Além dele e de Hilde, a participação de Elke Maravilha para a construção do roteiro foi fundamental, porque ela foi a primeira modelo que Zuzu levou para seu desfile em Nova York. “Conheci Zuzu e logo tivemos empatia. As pessoas a chamavam de cafona, porque ela usava coisas brasileiras, como chita e renda. Neste dia ela começou a falar do filho, que nem cheguei a conhecer. Mesmo sendo mineira, ela desceu do muro, contava para as pessoas na rua que o filho havia sido preso.”
Emocionada, Elke continua: “Às vezes eu dizia: ‘Zuzu, você vai acabar sendo morta deste jeito’. E ela falava: ‘Eu estou morta, já mataram o meu filho’. A Zuzu enfrentou o medo de uma forma que ninguém imaginava”, conta a ex-modelo russa que chegou ainda menina no Brasil.
Além de participação na construção do longa-metragem, Elke atuou como cantora de cabaré. Na película, Elke é vivida pela atriz Luana Piovani. “Quando recebi o telefonema para fazer a Elke eu pulava de alegria.

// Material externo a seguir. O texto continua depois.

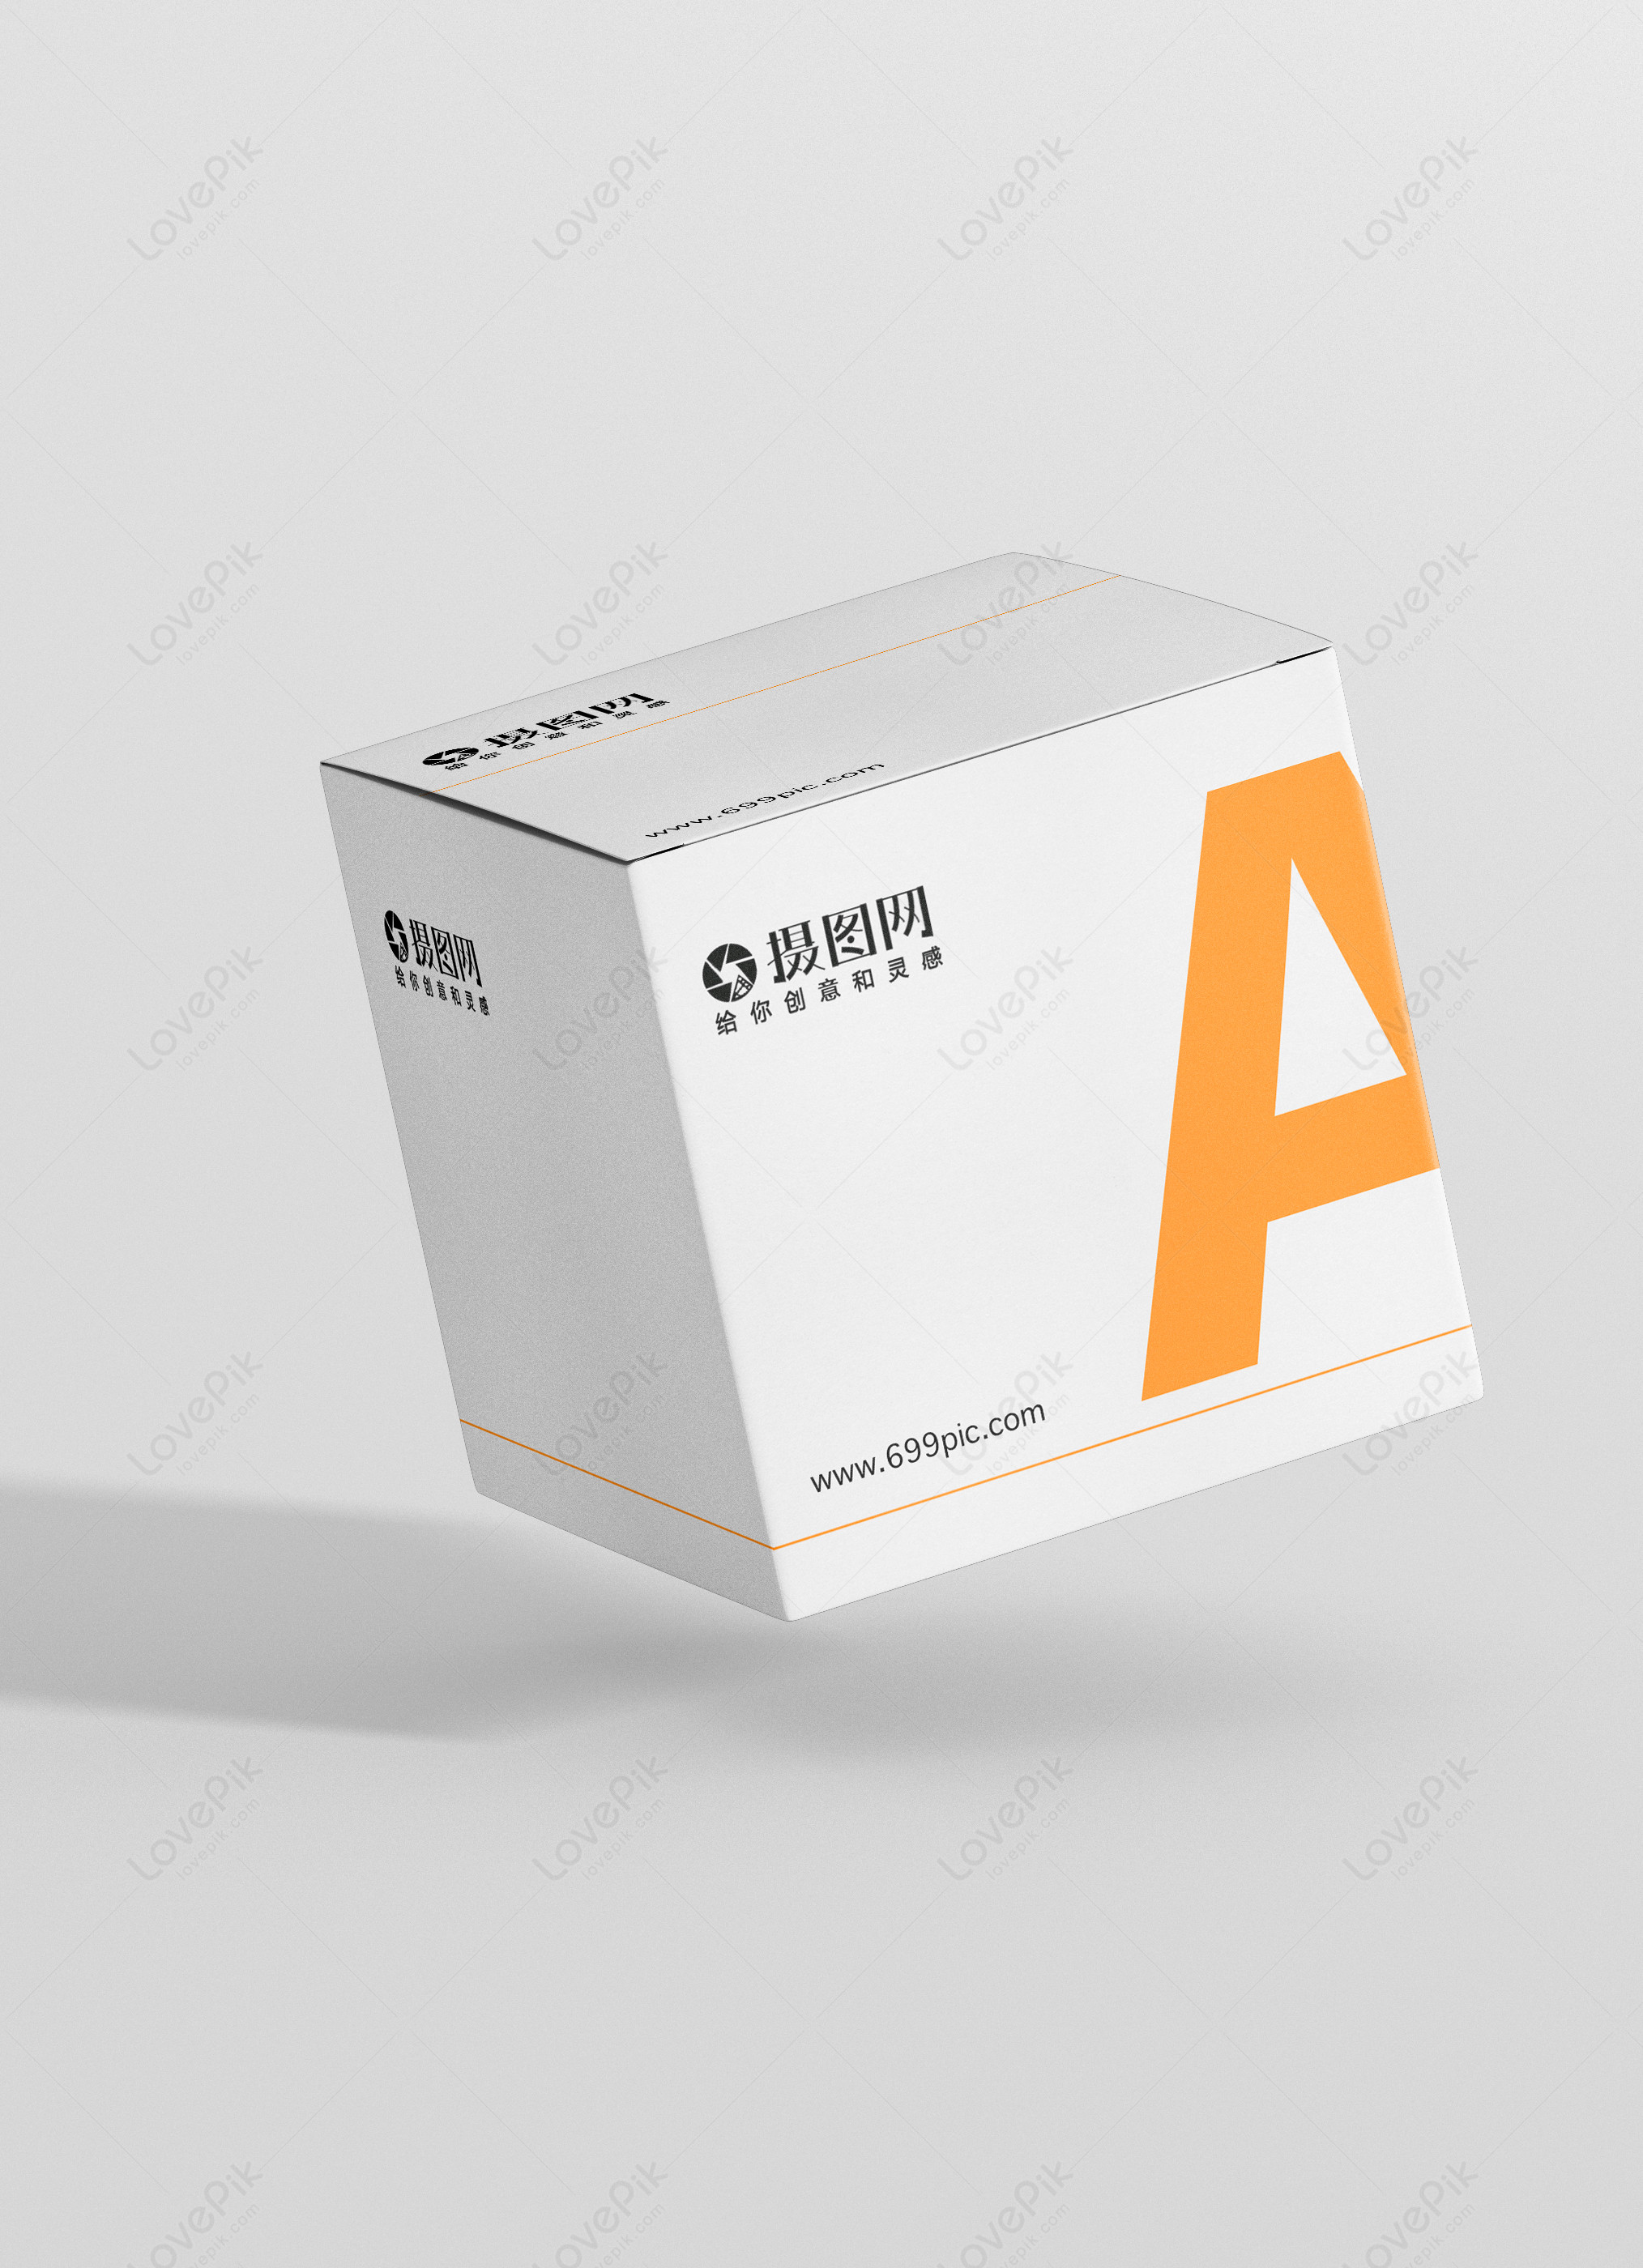 Square box mockup template image_picture free download ...

Nos encontramos em Juiz de Fora (Minas Gerais), na sua casa, mas não falamos apenas sobre a Zuzu, falamos também sobre ela, para eu poder senti-la como pessoa”, diz Luana, que recentemente pôde ser vista no cinema em “O Casamento de Romeu e Julieta”.

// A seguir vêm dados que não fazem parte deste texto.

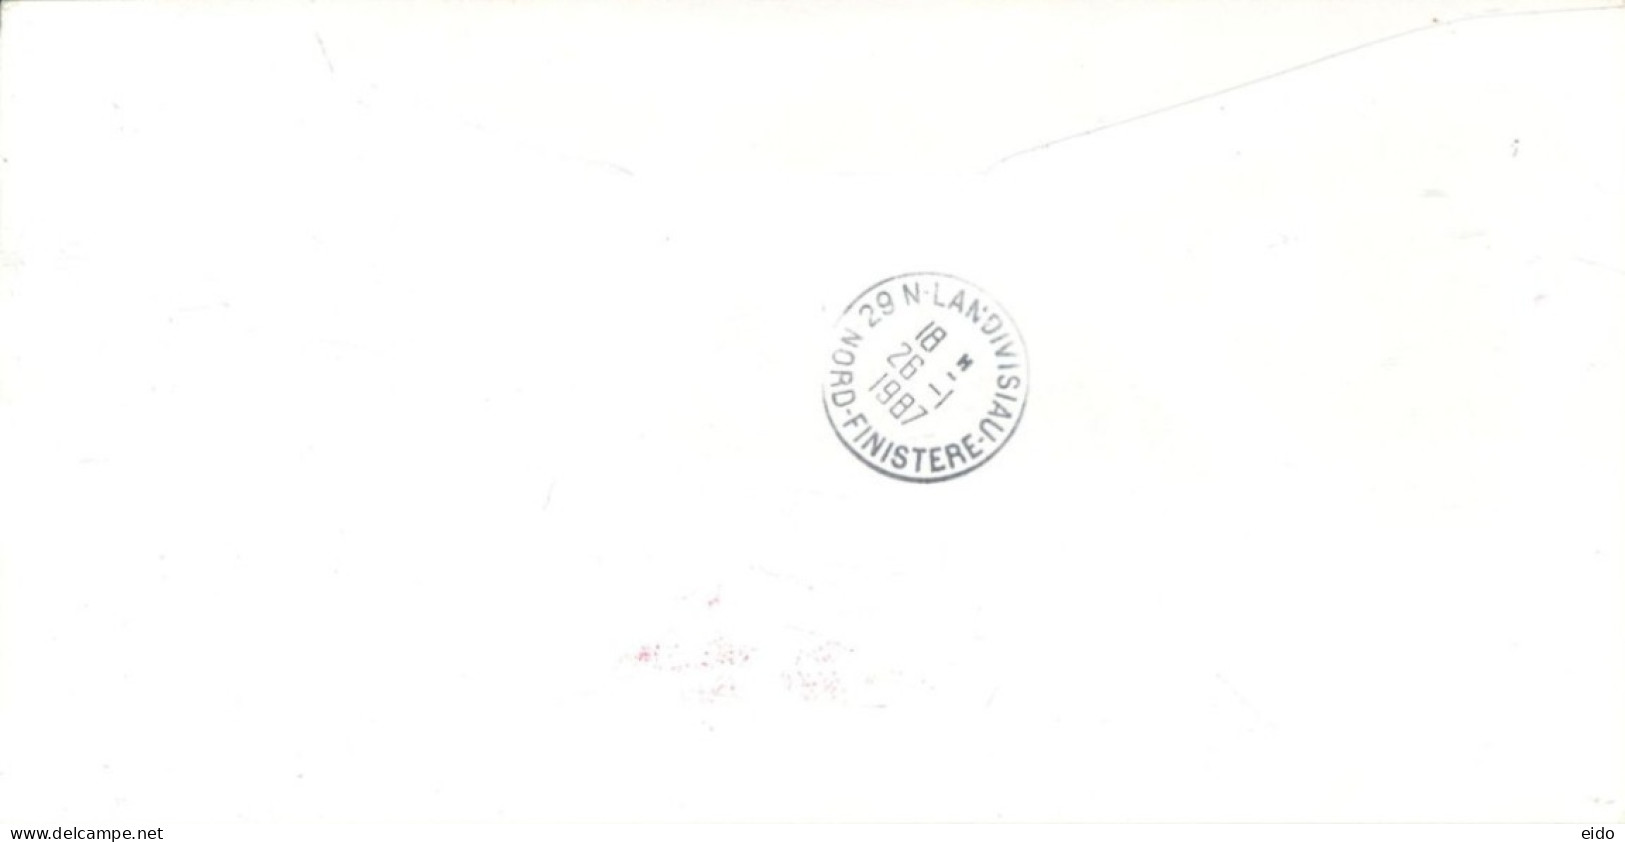 AUSTRALIAN ANTARCTIC TERRITORY - 1986, SPECIAL STAMP COVER SIGNED BY ADELICOP XXIV SENT TO FRANCE. - Lettres & Documents

O papel de Stuart ficou para o ator Daniel de Oliveira, que recentemente atuou em “Cazuza – O Tempo não Pára”, como personagem-título do longa. Ele conta que foi mais fácil desta vez. “Eu não tinha muita referência, como eu e todo mundo tinha de Cazuza.” Indicado por Patrícia Pillar, Daniel diz que leu sobre o tema e também sobre o jovem para vivê-lo no cinema.

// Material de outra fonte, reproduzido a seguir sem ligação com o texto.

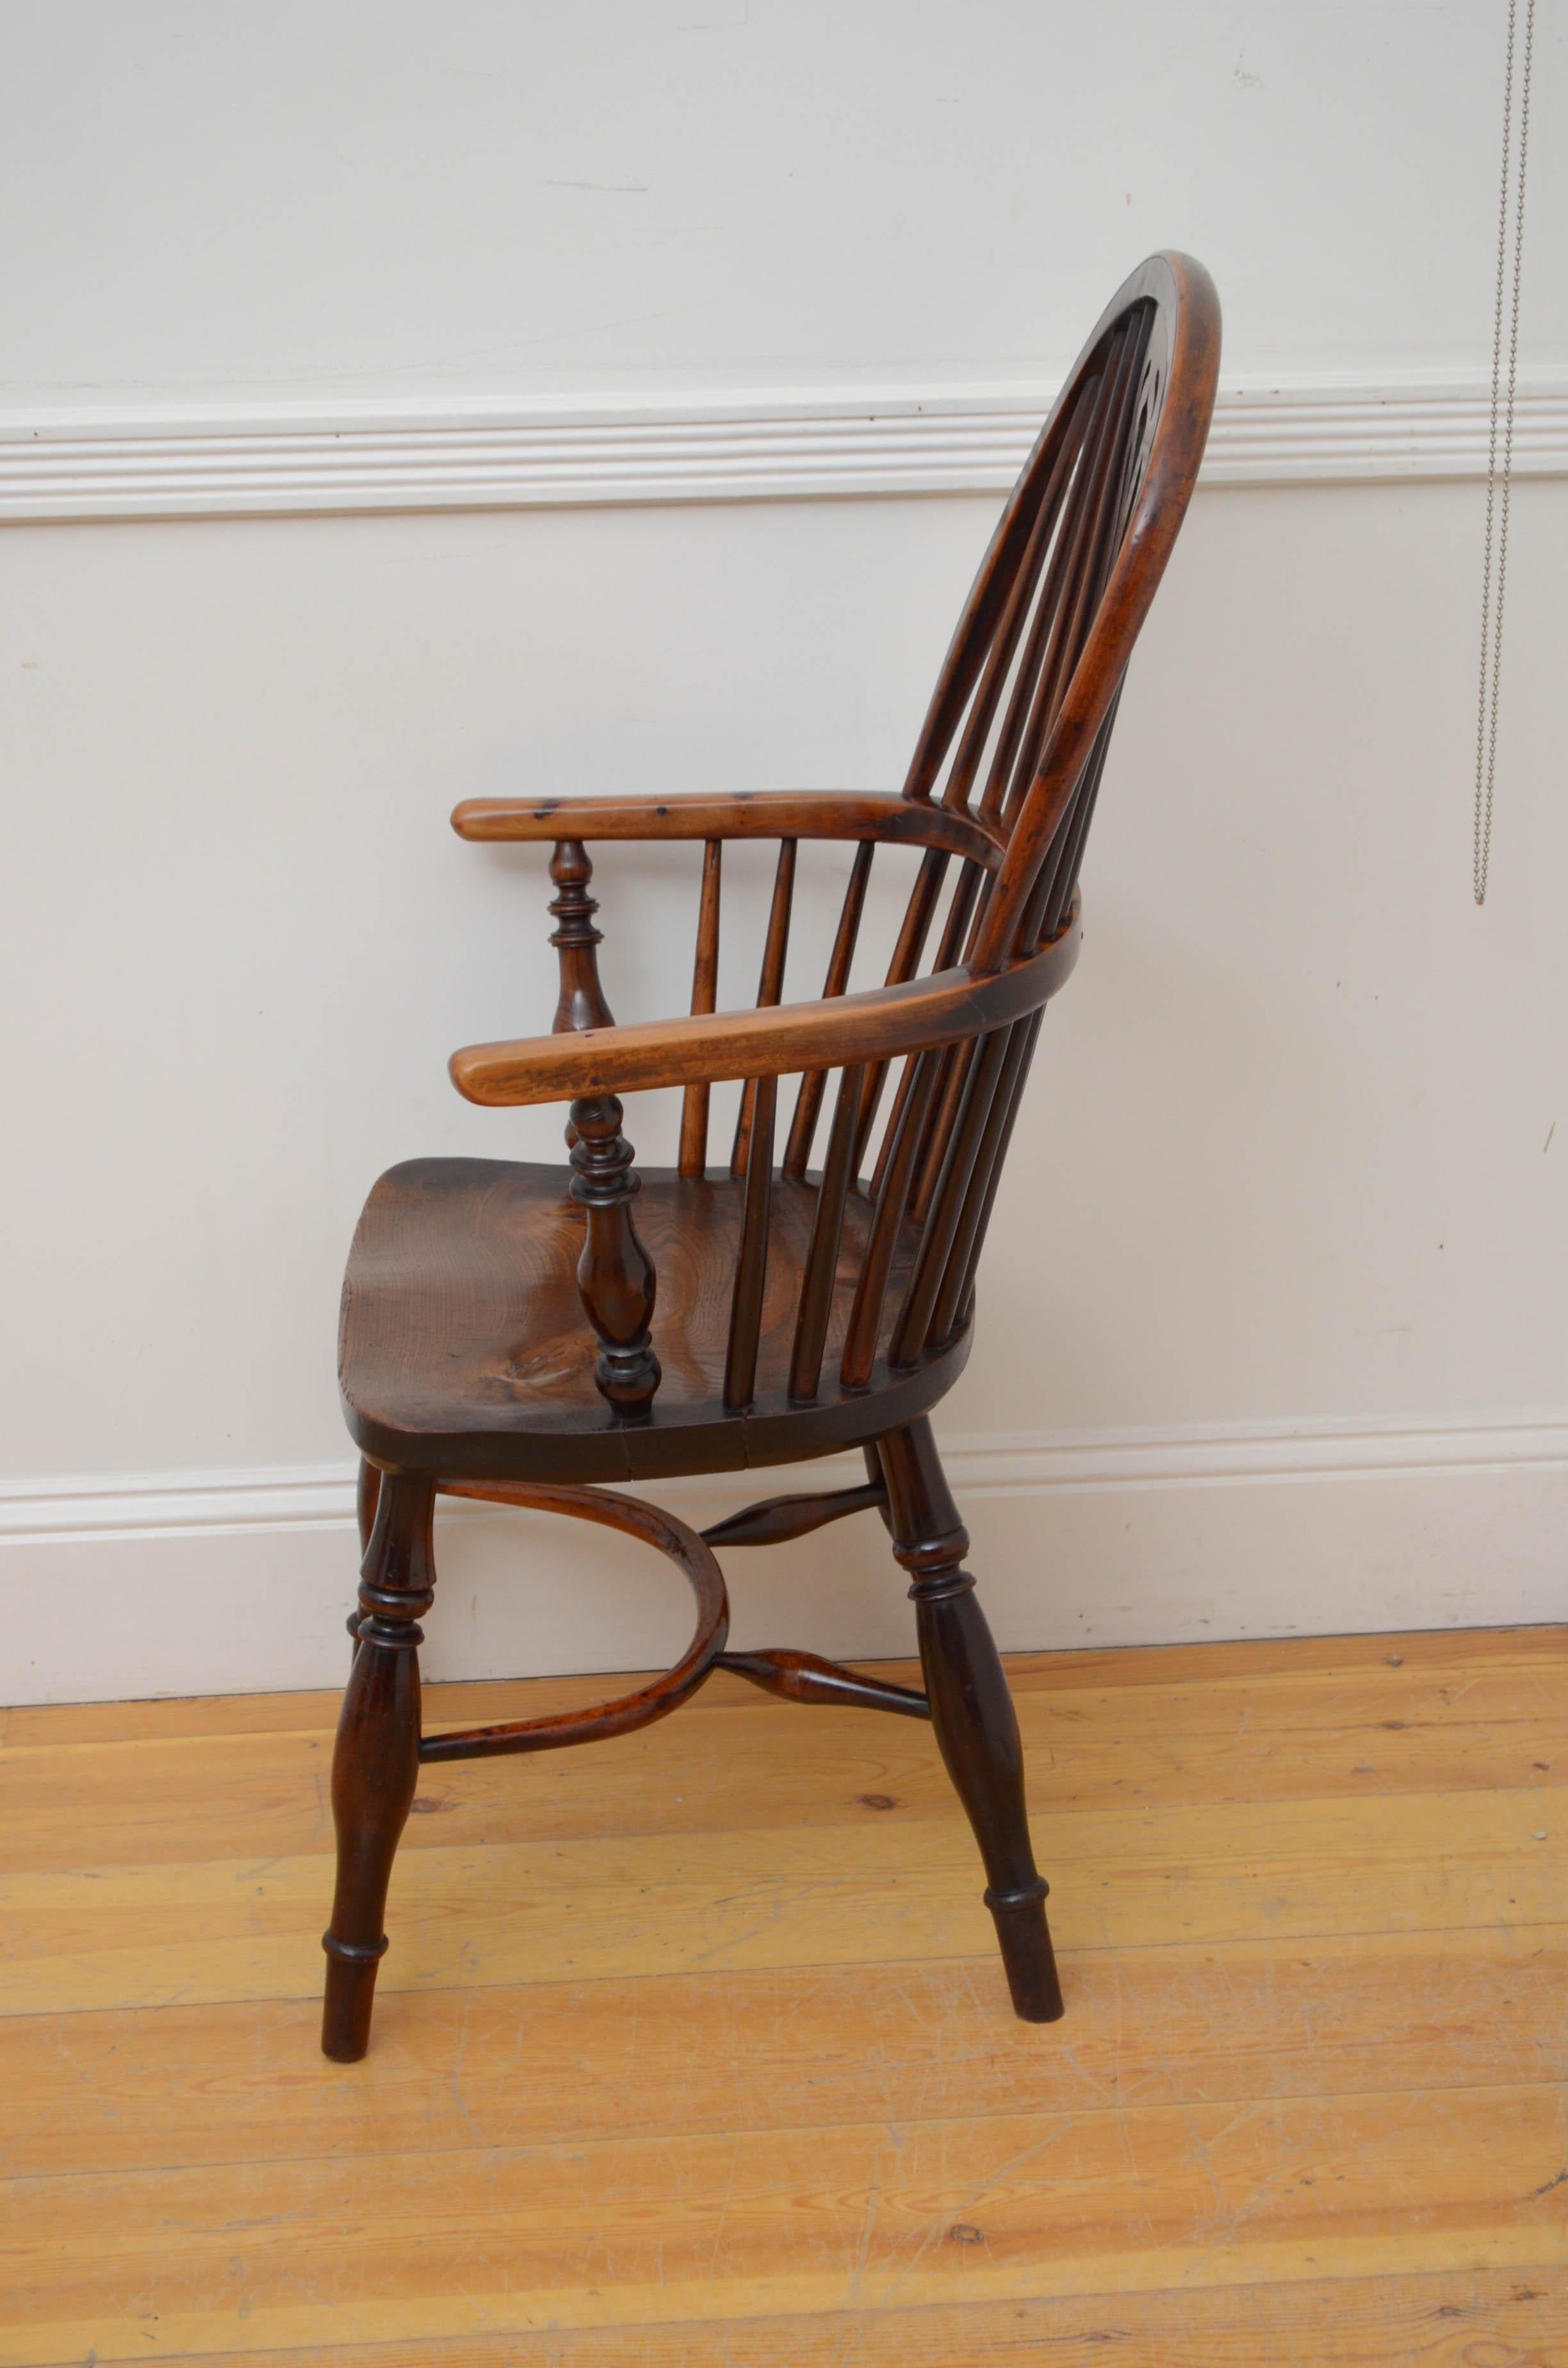 Sn5506 Early Victorian yew and elm wood Windsor chair, having arched back with centre splat flanked by spindles, open arms and shaped seat, standing on turned legs united by crinoline stretchers. This antique chair is in home ready condition.

Já Patrícia Pillar usou o seu processo (que ela chama de caótico) para construir a sua Zuzu. “A personagem é complexa e fui buscar informações com pessoas. A Hildegard me ajudou muito, assim como conversei bastante com Chico Buarque, que compôs a melodia que está na trilha do filme. Conversei com colega de Stuart, com pessoas que foram torturadas, li muita coisa. O Sérgio (diretor Sérgio Rezende) me deu liberdade para eu construir a minha Zuzu, mas eu tinha preocupação com a personagem que existiu um dia”, afirma Patrícia. “O filme não é documentário e acho que no final contamos uma história”, conclui.